Every Arabian tahr birth is a milestone.
Peter Arras, site manager and keeper of the tahr at MNC, said a male tahr born on September 14 gave him the biggest scare of his life.
The German, who has a hands-on approach to his work, said: "At 11.10pm, the baby came out and I went to call Mr Willie, our manager, because he immediately gets a message whenever a baby is born."
After the call, Arras went to check on the newborn. That was when he noticed that something was amiss.
"Its legs were shivering and the placenta covered its head. I removed the placenta and realised the tahr was not breathing. I had just told Mr Willie that the baby was alive and now it was dead," Arras said.
Controlling his panic, Arras tried ti resuscitate the tahr by breathing into its mouth and pumping its chest. "Slowly, it came back to life," Arras said.

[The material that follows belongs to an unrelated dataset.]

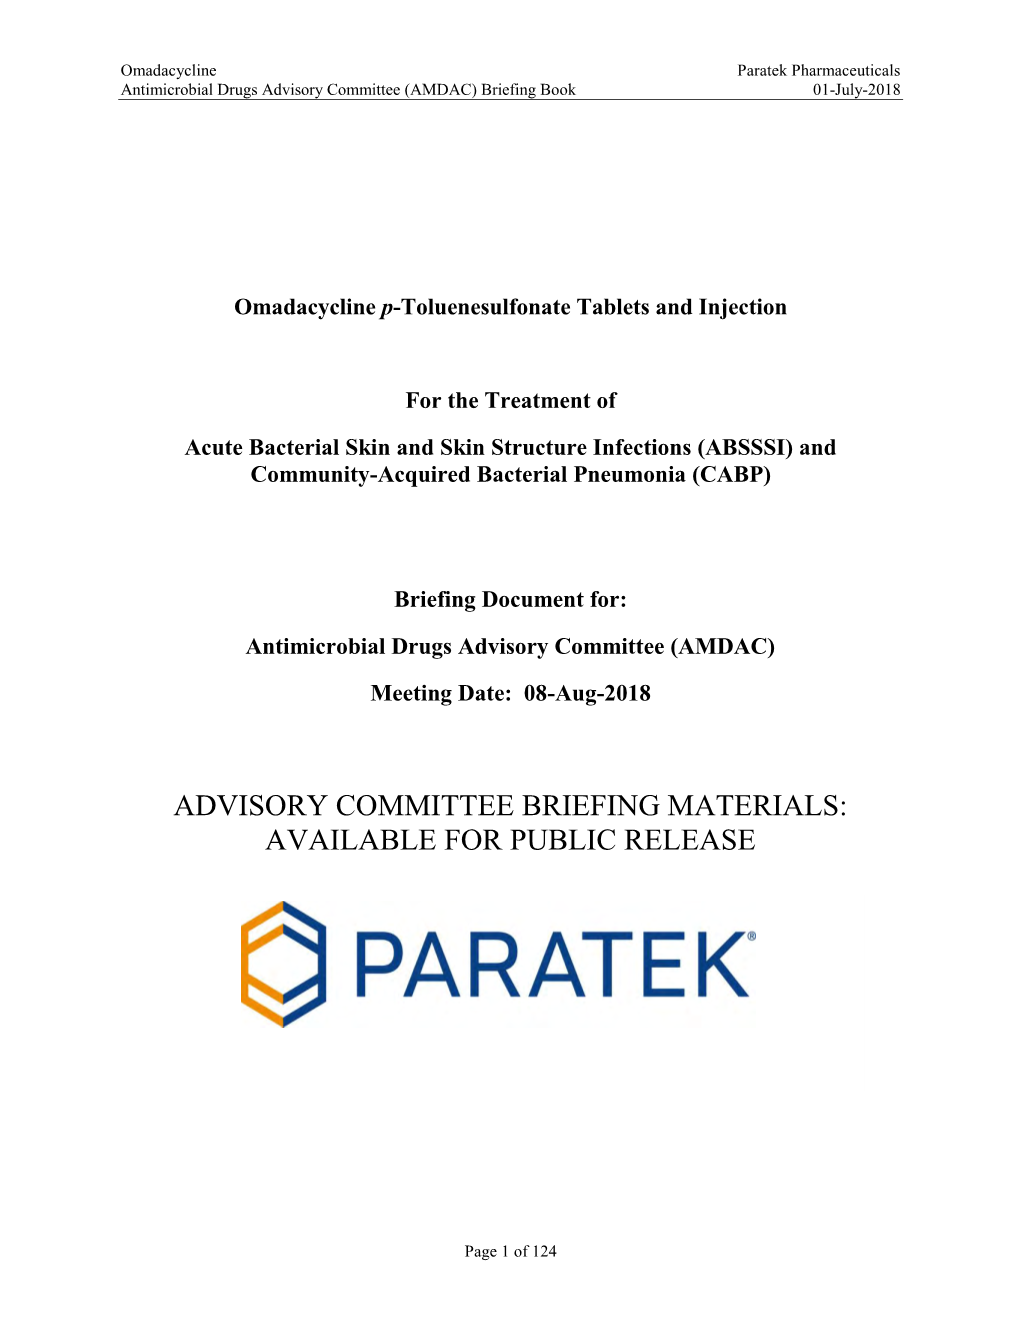 Advisory Committee Briefing Materials: Available for Public Release

Five weeks later, the tahr (named Willie after MNC's manager), was strong and healthy. "He was meant to survive," Arras said.
Willie's is just one of the many heart-warming stories of tahr births at the centre. Every birth is such a big moment that most tahrs are named after their keepers, who treat them like their own children. The names are creative. There is Bullet, Muchnoon (Arabic for aACAycrazy') and Roshian.
Khalis, the world's first tahr born through artificial insemination, is one of the centre's favourites. The two-year-old male has the strength, agility and speed of any other male tahr. When Gulf News visited his enclosure, he was in the mood for some fancy acrobatics and enjoyed the attention.
Arras finds the tahrs much more clever than a goat or sheep. "They don't have a problem if their horns get stuck in a wire, for example. They know how to get out. The tahr never gets stuck anywhere," he said. "The more you know the species, the more you learn to love them."